Relations août 2013

Libérer l'imagination

Gerardo Aiquel

Brésil : une avancée pour les aides domestiques

L’auteur est responsable du dossier des droits humains en Amérique latine à L’Entraide missionnaire

Le gouvernement de Dilma Roussef est passé à l’action pour améliorer les conditions d’embauche et de travail des travailleuses domestiques.

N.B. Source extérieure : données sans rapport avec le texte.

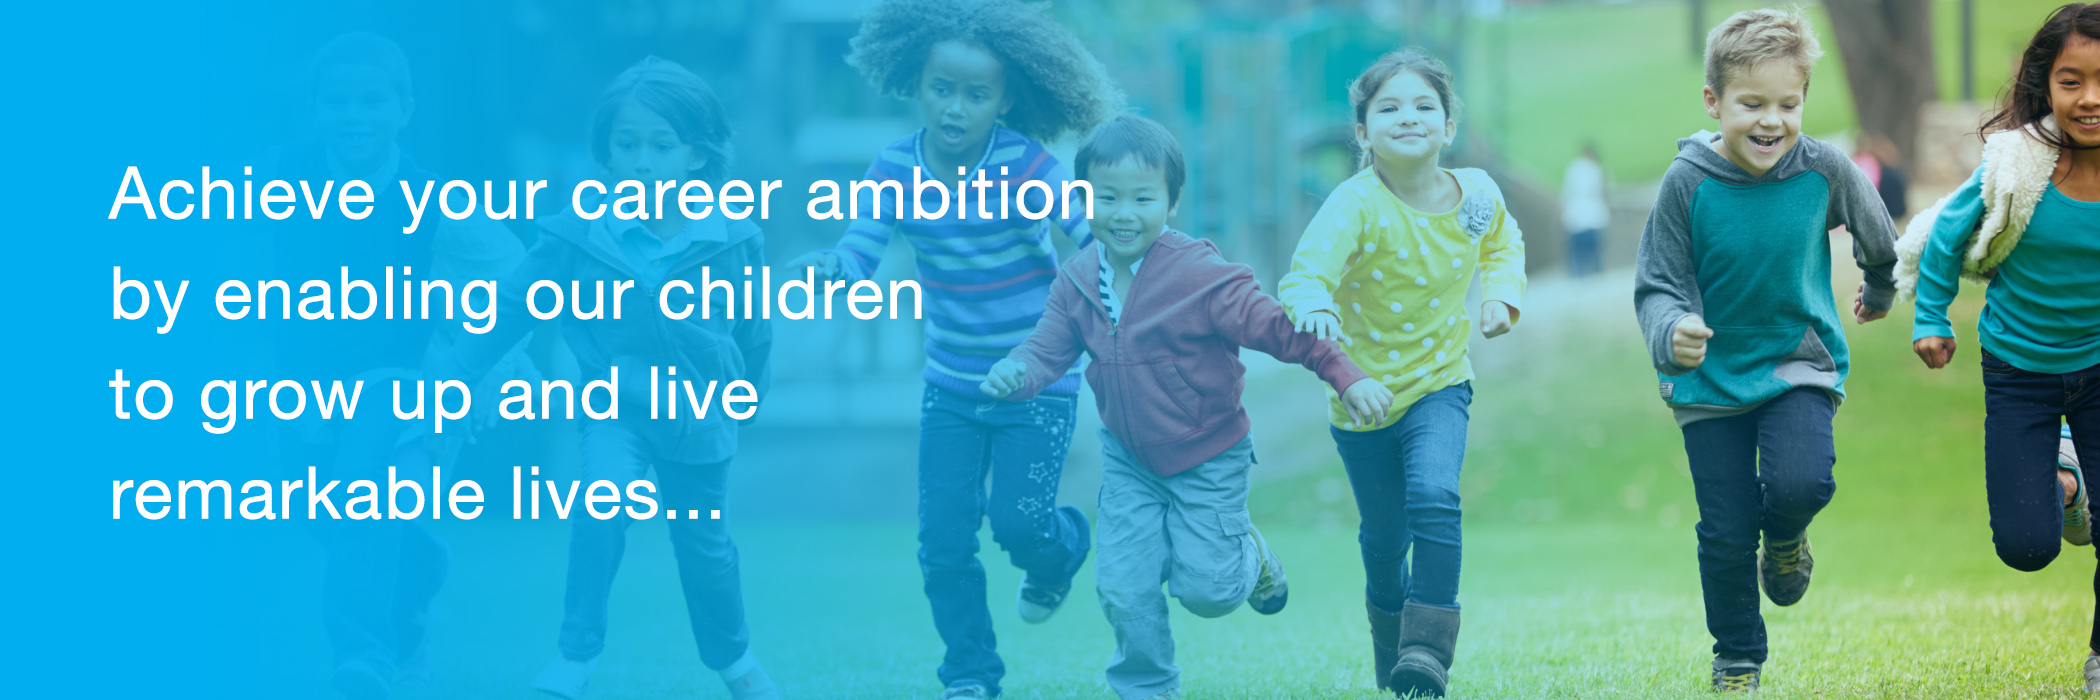 Achieve your career ambition by enabling our children to grow up and live remarkable lives...
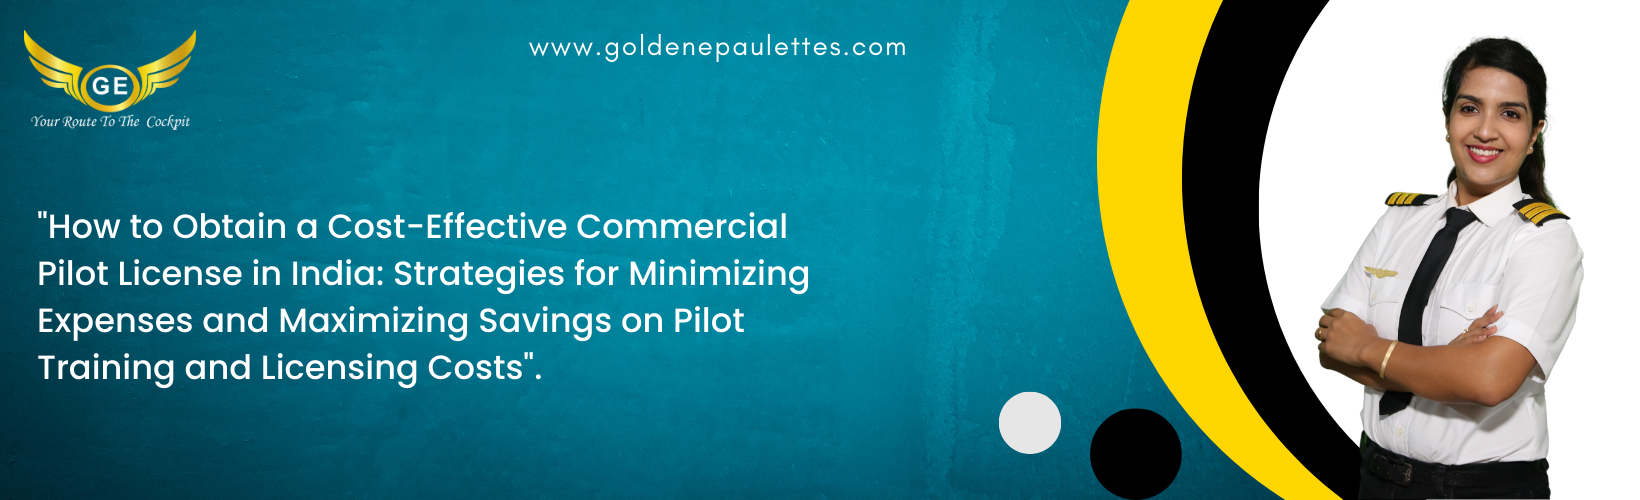 Cost-Effective Ways to Obtain a Commercial Pilot License in India

En Amérique latine, il est courant de trouver des aides domestiques, en majorité des femmes, qui font la cuisine, le ménage et s’occupent des enfants dans les maisons de la classe moyenne. Paysannes, femmes autochtones ou noires, le plus souvent analphabètes et mal payées, elles sont issues des couches les plus pauvres et marginalisées de la population. Elles peuvent passer des années au sein d’une famille et travailler de longues journées, avec peu de temps libre pour visiter les leurs. En somme, les conditions de travail sont plus près de celles décrites dans un roman de Dickens que de celles des telenovelas brésiliennes dans lesquelles l’héroïne, une domestique, tombe amoureuse du patron, finit par le marier et par vivre heureuse. Le travail domestique est toujours resté dans la sphère privée, pratiquement invisible, exercé le plus souvent dans des conditions exécrables. De plus, la difficulté d’organiser des syndicats ou des associations de travailleuses domestiques limite depuis longtemps leur capacité de faire respecter leurs droits.
 
Selon une étude de l’Organisation internationale du travail, réalisée dans 117 pays, les femmes représentent 92,6 % de la main-d’œuvre domestique au Brésil. Le pays compte 7,2 millions de travailleuses domestiques; 45 % d’entre elles n’avaient droit ni à une journée de congé durant la semaine, ni aux jours fériés rémunérés et encore moins à un congé de maternité. L’étude signale également qu’une bonne partie de ces travailleuses étaient mineures.
 
Mais les choses sont en train de changer sous le gouvernement de Dilma Roussef, du Parti des travailleurs. Afin de rendre le travail domestique plus humain, le gouvernement a réussi à proposer des changements législatifs importants, avec l’appui d’une grande majorité des parlementaires. Le 2 avril dernier, le Congrès national brésilien a adopté un amendement constitutionnel concernant l’article 7 de la Constitution de 1988 touchant aux droits du travail, dont étaient exclus les travailleurs et les travailleuses domestiques. La sénatrice Lídice da Mata, du Parti socialiste brésilien, a salué l’adoption en ces termes : « elle répond au besoin de modernisation de la société brésilienne, notamment celui de garantir les droits de ceux qui en étaient privés : presque huit millions de travailleurs et travailleuses domestiques du Brésil » (<adital.com.br>, 13 mars 2013).
 
Ces travailleuses et ces travailleurs ont dorénavant les droits suivants : la durée d’une journée de travail ne peut dépasser huit heures et la semaine de travail, 44 heures; une augmentation de 50 % du taux horaire est prévue pour chaque heure supplémentaire travaillée; les risques inhérents à leur travail sont réduits grâce à de nouvelles normes de santé, d’hygiène et de sécurité. De plus, la discrimination salariale en raison du sexe, de l’âge ou de l’état civil est désormais interdite, de même que celle visant l’exclusion des personnes atteintes de déficiences (intellectuelles ou physiques). Aucun travail nocturne, dangereux ou dans des conditions d’insalubrité n’est permis pour les moins de 18 ans, et l’embauche de mineurs sera proscrite, sauf en tant qu’apprentis et seulement à partir de 14 ans.
 
Si la réaction a été positive parmi les groupes de défense des droits et de lutte pour la justice sociale, la réaction de la droite a été négative. Sans doute a-t-elle peur de se retrouver sans domestiques au prochain réveillon de Noël!